Take the material below and extract the lines from the one with "Miley Cyrus 'Endless" through the one with "Venetian Green Shuttered", word for word, without pictures.

### SUPPLIED ENTRIES

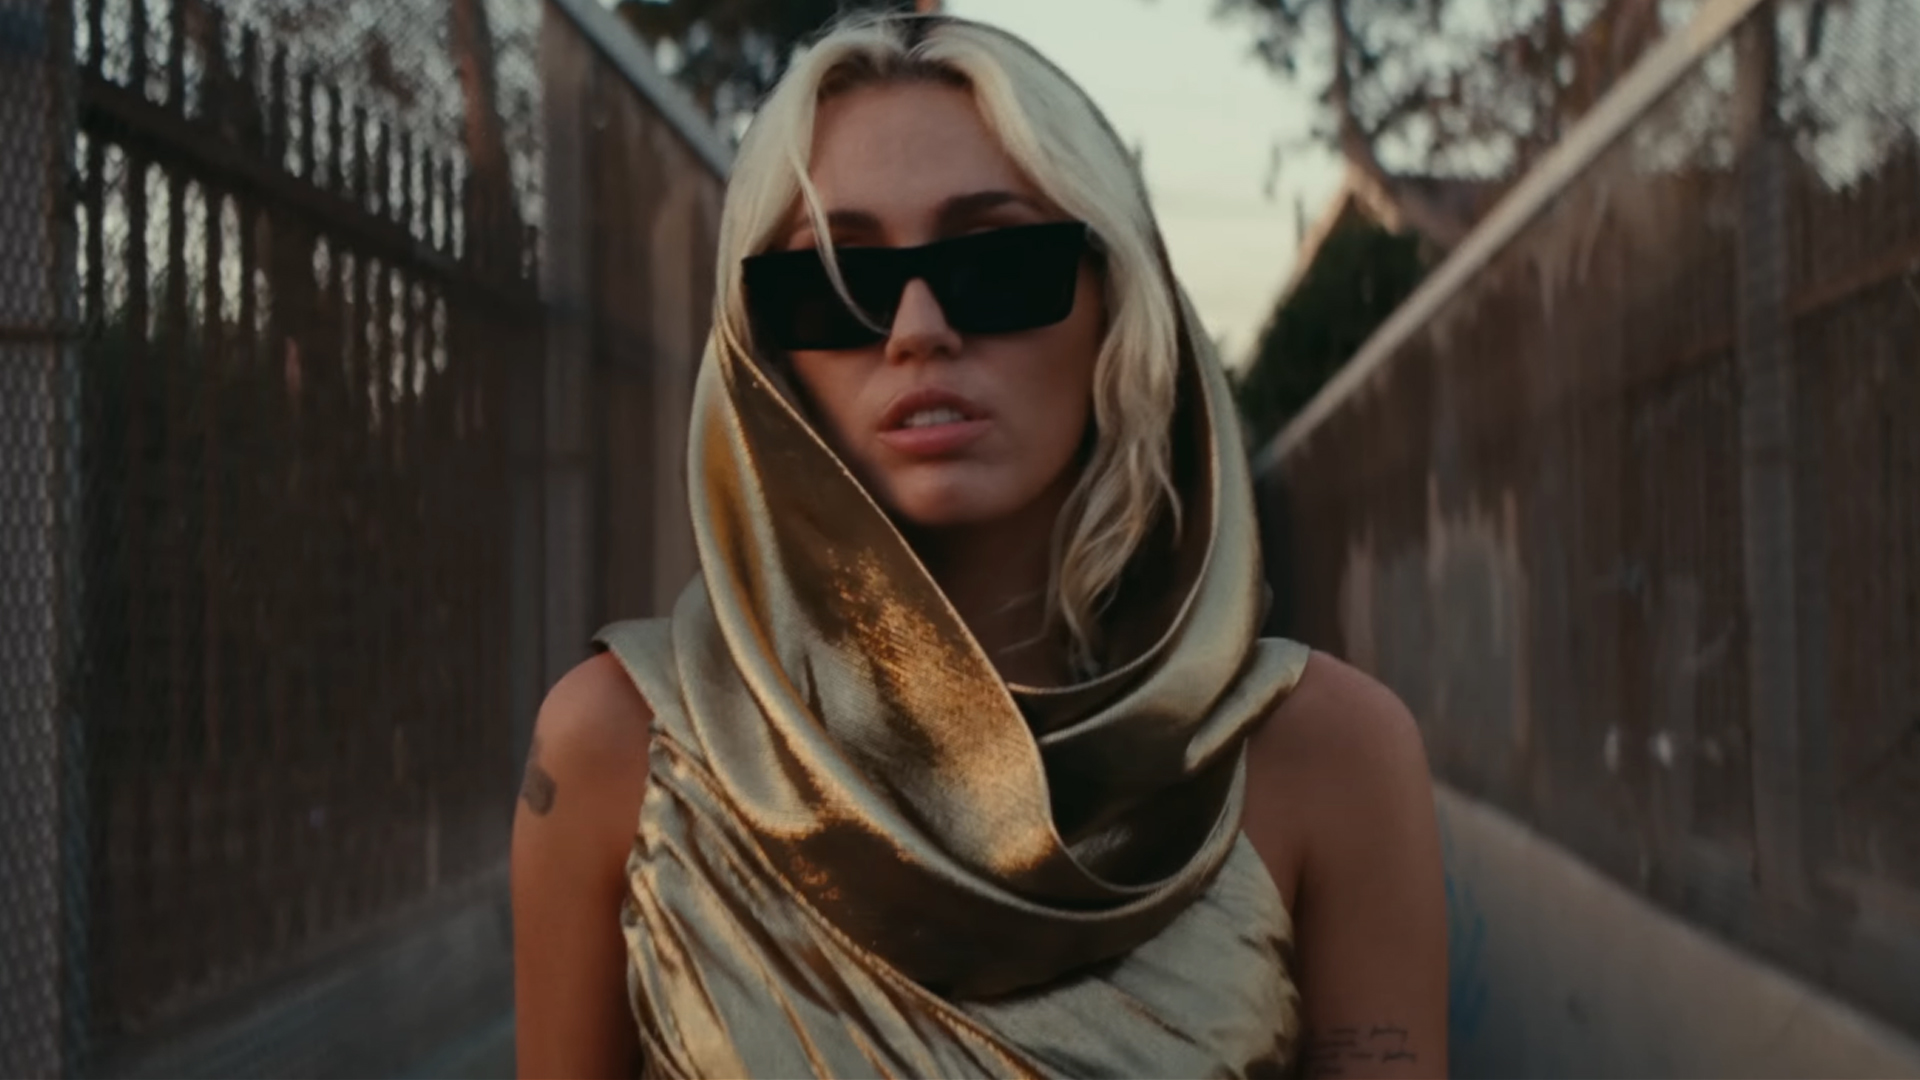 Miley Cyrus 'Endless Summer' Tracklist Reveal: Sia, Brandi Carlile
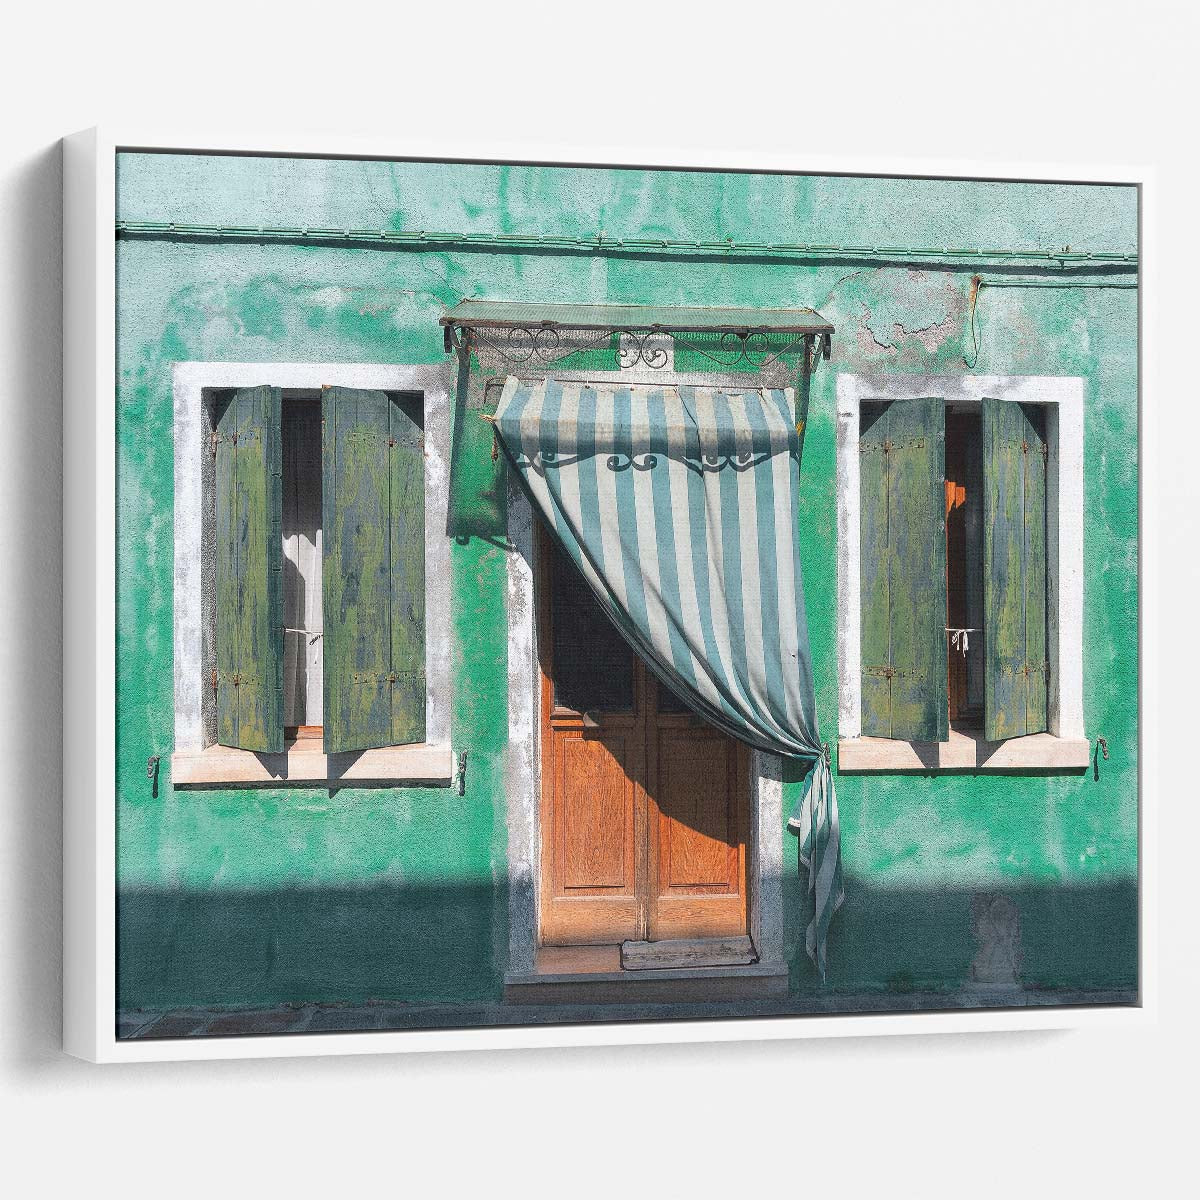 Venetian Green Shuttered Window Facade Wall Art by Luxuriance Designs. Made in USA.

######
### SUPPLIED ENTRIES

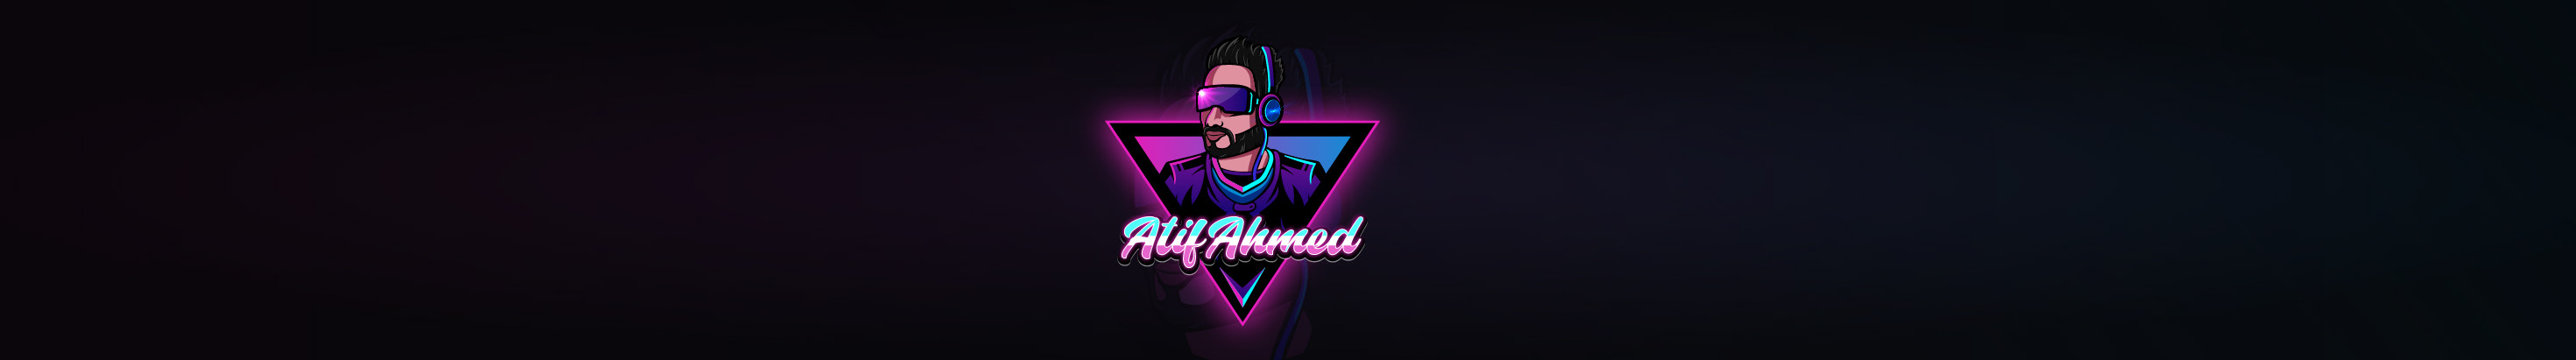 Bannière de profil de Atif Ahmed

######

**RESPONSE AREA**
 Miley Cyrus 'Endless Summer' Tracklist Reveal: Sia, Brandi Carlile
 Venetian Green Shuttered Window Facade Wall Art by Luxuriance Designs. Made in USA.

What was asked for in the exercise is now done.